Data Quality Tests
Data Quality Tests in Calabi Catalogue give you automated, continuously-run assertions over your data. Tests run on a schedule, results are stored historically, and failures trigger alerts — so data problems are caught before they reach dashboards and reports.
Test Architecture
Test Types
| Test type | What it checks | Example |
|---|---|---|
| Not Null | Column has no NULL values | candidate_id IS NOT NULL |
| Unique | All values in a column are distinct | attempt_id is unique |
| Not In Set | Values do not appear in a forbidden list | status NOT IN ('voided', 'test') |
| In Set | Values are restricted to an allowed list | region IN ('EMEA', 'AMER', 'APAC') |
| Minimum | All values meet a lower bound | score >= 0 |
| Maximum | All values meet an upper bound | score <= 100 |
| Between (Range) | Values fall within a range | pass_threshold BETWEEN 50 AND 90 |
| Min Row Count | Table has at least N rows | At least 1,000 rows in scores |
| Max Row Count | Table has at most N rows | At most 100M rows in raw_events |
| Row Count Between | Row count falls in a range | scores between 500K and 50M rows |
| Column Values to Be of Type | Column data type matches expectation | exam_date is a timestamp |
| Custom SQL | Arbitrary SQL assertion | See examples below |
Creating a Test Suite
A Test Suite is a named collection of tests for one or more tables. Tests must belong to a suite before they can be scheduled.
Step 1 — Create the suite
- Navigate to Data Quality → Test Suites → + New Test Suite.
- Enter a Name (e.g.,
Exam Scores — Core Quality Checks). - Add a Description and Owners.
- Click Save.
Step 2 — Add tables to the suite
- Open the suite.
- Click + Add table.
- Search for and select the tables you want to test.
Step 3 — Add test cases
- Inside the suite, select a table.
- Click + Add test case.
- Configure the test (see below).
- Click Save.
Configuring Individual Tests
Not Null test
| Field | Value |
|---|---|
| Test name | candidate_id_not_null |
| Column | candidate_id |
| Test type | Column Values To Not Be Null |
| Fail threshold | 0 (zero nulls allowed) |
Unique test
| Field | Value |
|---|---|
| Test name | attempt_id_unique |
| Column | attempt_id |
| Test type | Column Values To Be Unique |
Range test
| Field | Value |
|---|---|
| Test name | score_range_0_to_100 |
| Column | score |
| Test type | Column Values To Be Between |
| Min value | 0 |
| Max value | 100 |
Row count test
| Field | Value |
|---|---|
| Test name | scores_min_row_count |
| Test type | Table Row Count To Be Between |
| Min value | 500000 |
| Max value | — (leave blank for no upper limit) |
Custom SQL Tests
Custom SQL tests let you write any assertion that evaluates to a single numeric value. The test passes when the result equals zero (no failures found).

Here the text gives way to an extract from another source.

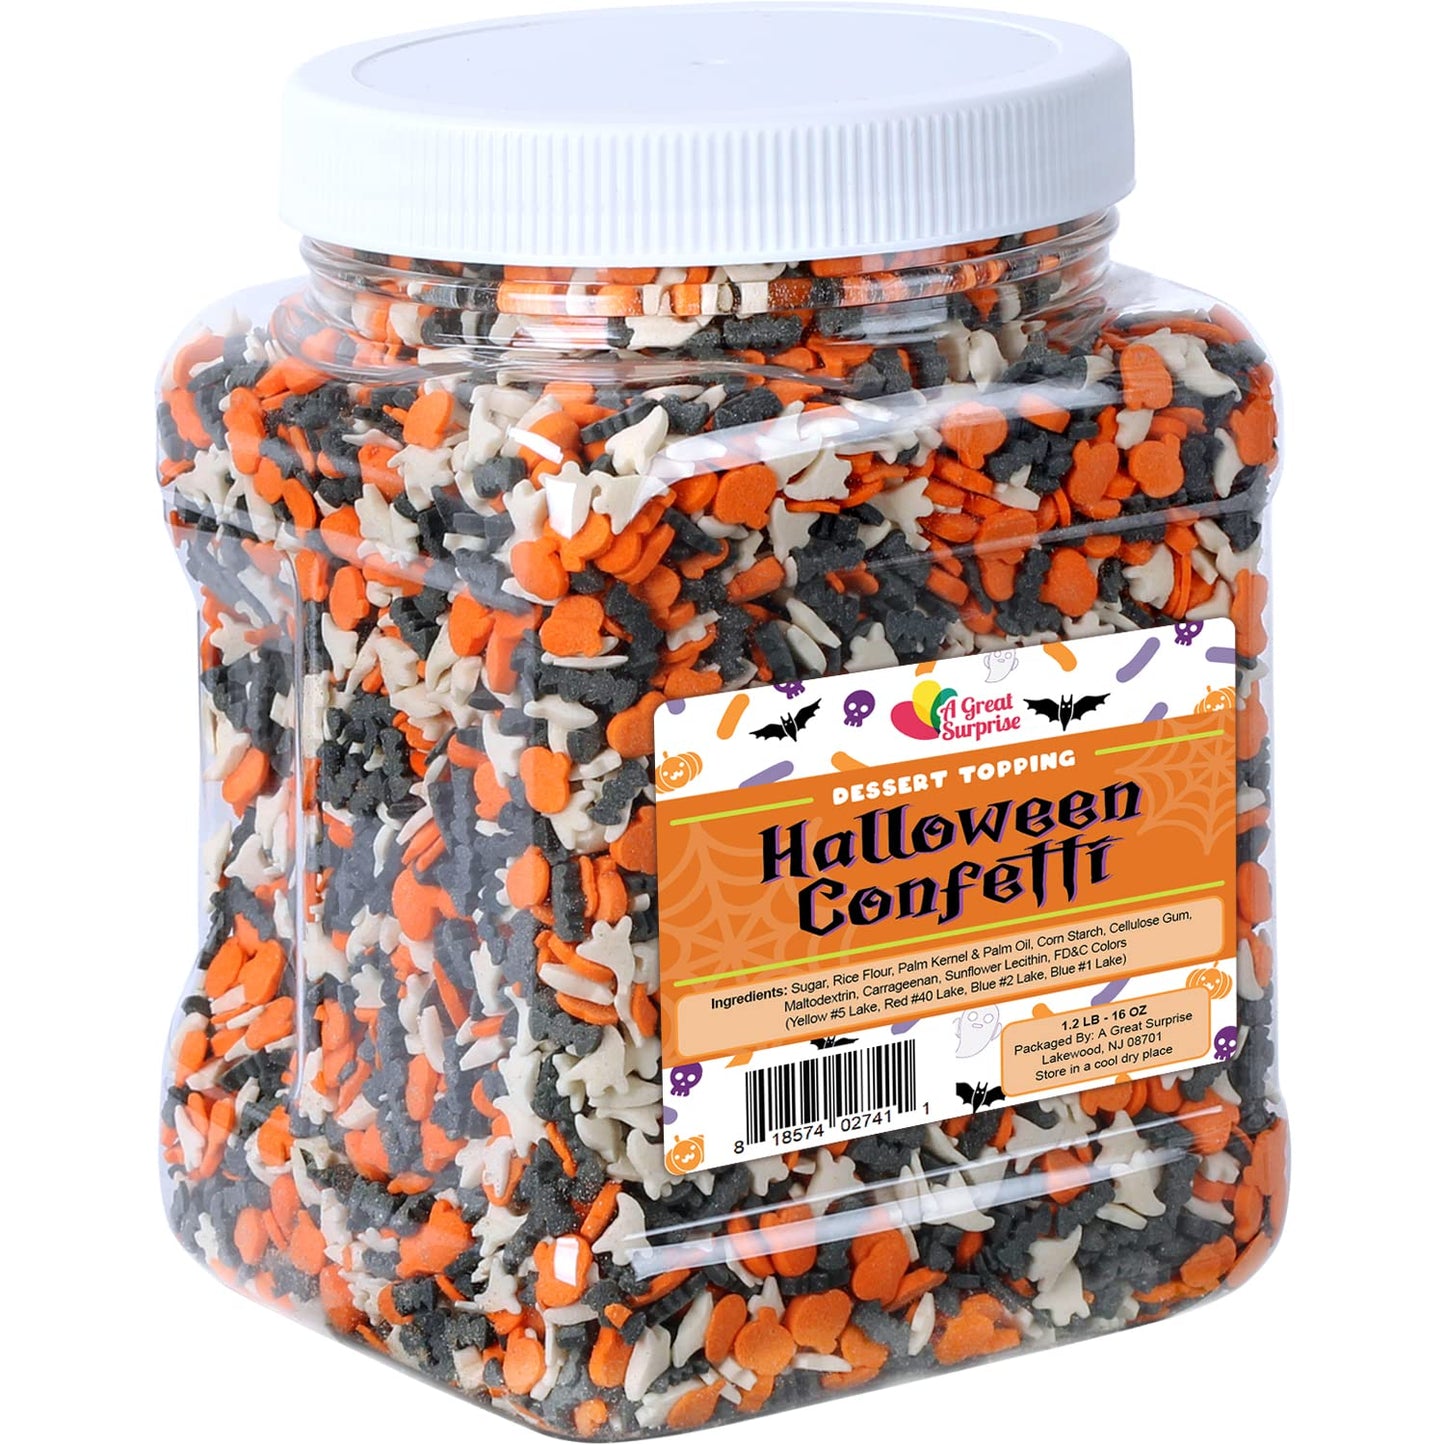 Halloween Confetti Sprinkles Bulk- Bat, Pumpkin & Ghosts Sprinkles - Spooky Toppings - 1.2 lbs - Great for Cookies, Cupcakes, Fall

-- Test: no future exam dates
-- Pass condition: COUNT = 0 (no rows with exam_date in the future)
SELECT COUNT(*)
FROM psychometric_reporting.scores
WHERE exam_date > CURRENT_TIMESTAMP;
-- Test: pass rate is not implausibly high (> 99%)
-- Pass condition: result = 0 (rate is within plausible range)
SELECT CASE
WHEN SUM(CASE WHEN passed THEN 1 ELSE 0 END) * 1.0 / COUNT(*) > 0.99
THEN 1
ELSE 0
END
FROM psychometric_reporting.scores
WHERE exam_date >= CURRENT_DATE - INTERVAL '1 day';
-- Test: no orphaned candidate_id references
SELECT COUNT(*)
FROM psychometric_reporting.scores s
WHERE NOT EXISTS (
SELECT 1 FROM dim.candidates c WHERE c.candidate_id = s.candidate_id
);
-- Test: no duplicate (candidate_id, exam_id, exam_date) combinations
SELECT COUNT(*) - COUNT(DISTINCT candidate_id || '|' || exam_id || '|' || exam_date::text)

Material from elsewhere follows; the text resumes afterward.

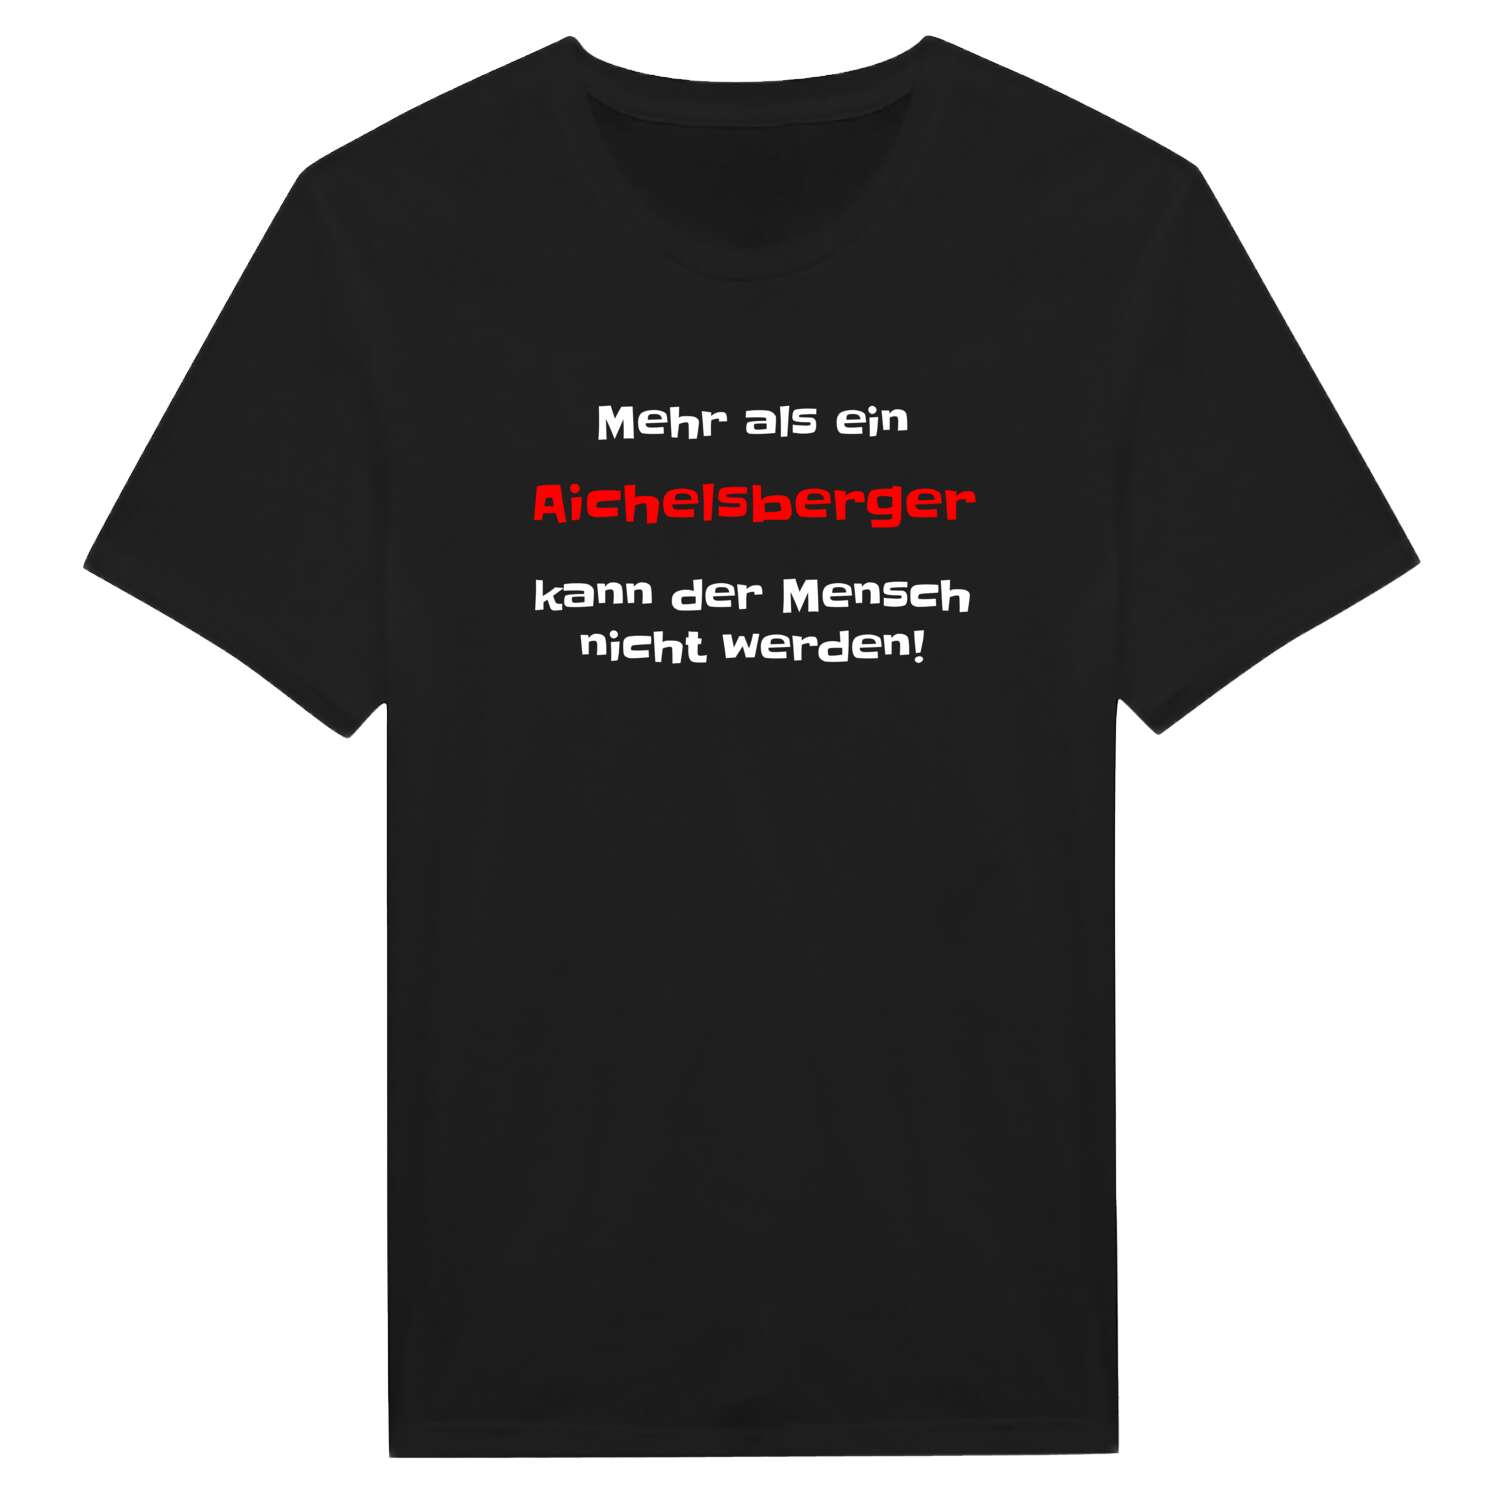 Aichelsberg T-Shirt »Mehr als ein«
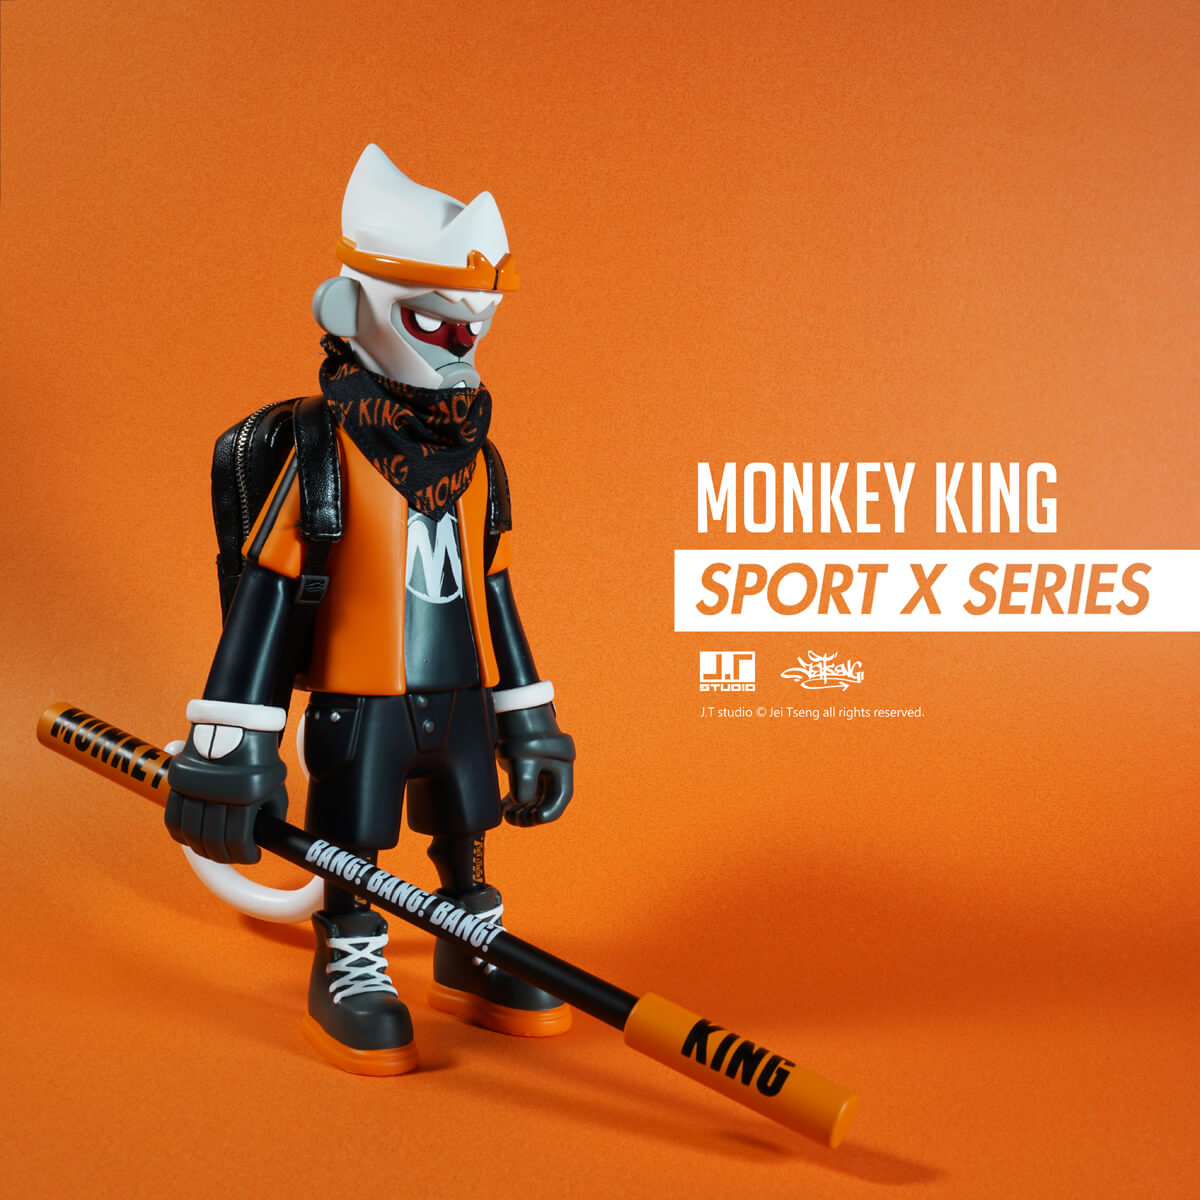 monkey king sport x vinyl series by jt studio worldwide release

FROM psychometric_reporting.scores;
Custom SQL test — configuration
| Field | Value |
|---|---|
| Test name | no_future_exam_dates |
| Test type | Custom SQL |
| SQL expression | Paste your SQL (must return a single number) |
| Pass condition | EqualTo |
| Pass value | 0 |
Scheduling Tests
- Open the test suite.
- Click Schedule Pipeline → + Add ingestion.
- Configure the schedule:
| Field | Description | Example |
|---|---|---|
| Name | Pipeline name | scores-quality-daily |
| Schedule | Cron expression | 0 6 * * * (daily at 6 AM) |
| Timezone | Cron evaluation timezone | UTC |
| Retry count | Retries on failure | 2 |
- Click Deploy.
The test pipeline appears in Settings → Ingestion Pipelines and can be monitored, paused, or run manually from there.
Recommended schedules
| Data freshness | Recommended test schedule |
|---|---|
| Real-time / near-real-time | Every 15–60 minutes |
| Daily ETL | 30–60 minutes after the ETL completes |
| Weekly batch | Weekly, 2 hours after batch window |
| Archived / reference data | Monthly |
Running Tests Manually
- Navigate to the asset page → Quality tab.
- Click Run Tests → Run all tests (or select specific tests).

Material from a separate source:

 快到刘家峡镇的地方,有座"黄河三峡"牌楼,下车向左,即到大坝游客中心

- Results appear within seconds to minutes depending on table size.
Or from the test suite:
- Data Quality → Test Suites → open the suite.
- Click Run Now (top-right).
Viewing Test Results
On the asset page
- Open any table's asset page.
- Click the Quality tab.
The Quality tab shows:
- A summary badge: Pass / Fail / Warning count.
- A trend graph of historical pass rates.
- Per-test results with status, last run time, and failure details.
Test result status codes
| Status | Meaning |
|---|---|
| Success | The assertion passed with zero failures |
| Failed | The assertion returned a non-zero count |
| Aborted | The test run was cancelled or timed out |
| Queued | The test is scheduled but not yet started |
| Running | Currently executing |
Viewing failure details
Click on a Failed test to see:
- The number of rows that violated the assertion.
- A sample of up to 10 failing values (for column-level tests).
- The SQL generated for the test (expandable).
- The full error message if the test threw an exception.
Alerting on Test Failures
Configure alerts so the right team is notified immediately when quality degrades.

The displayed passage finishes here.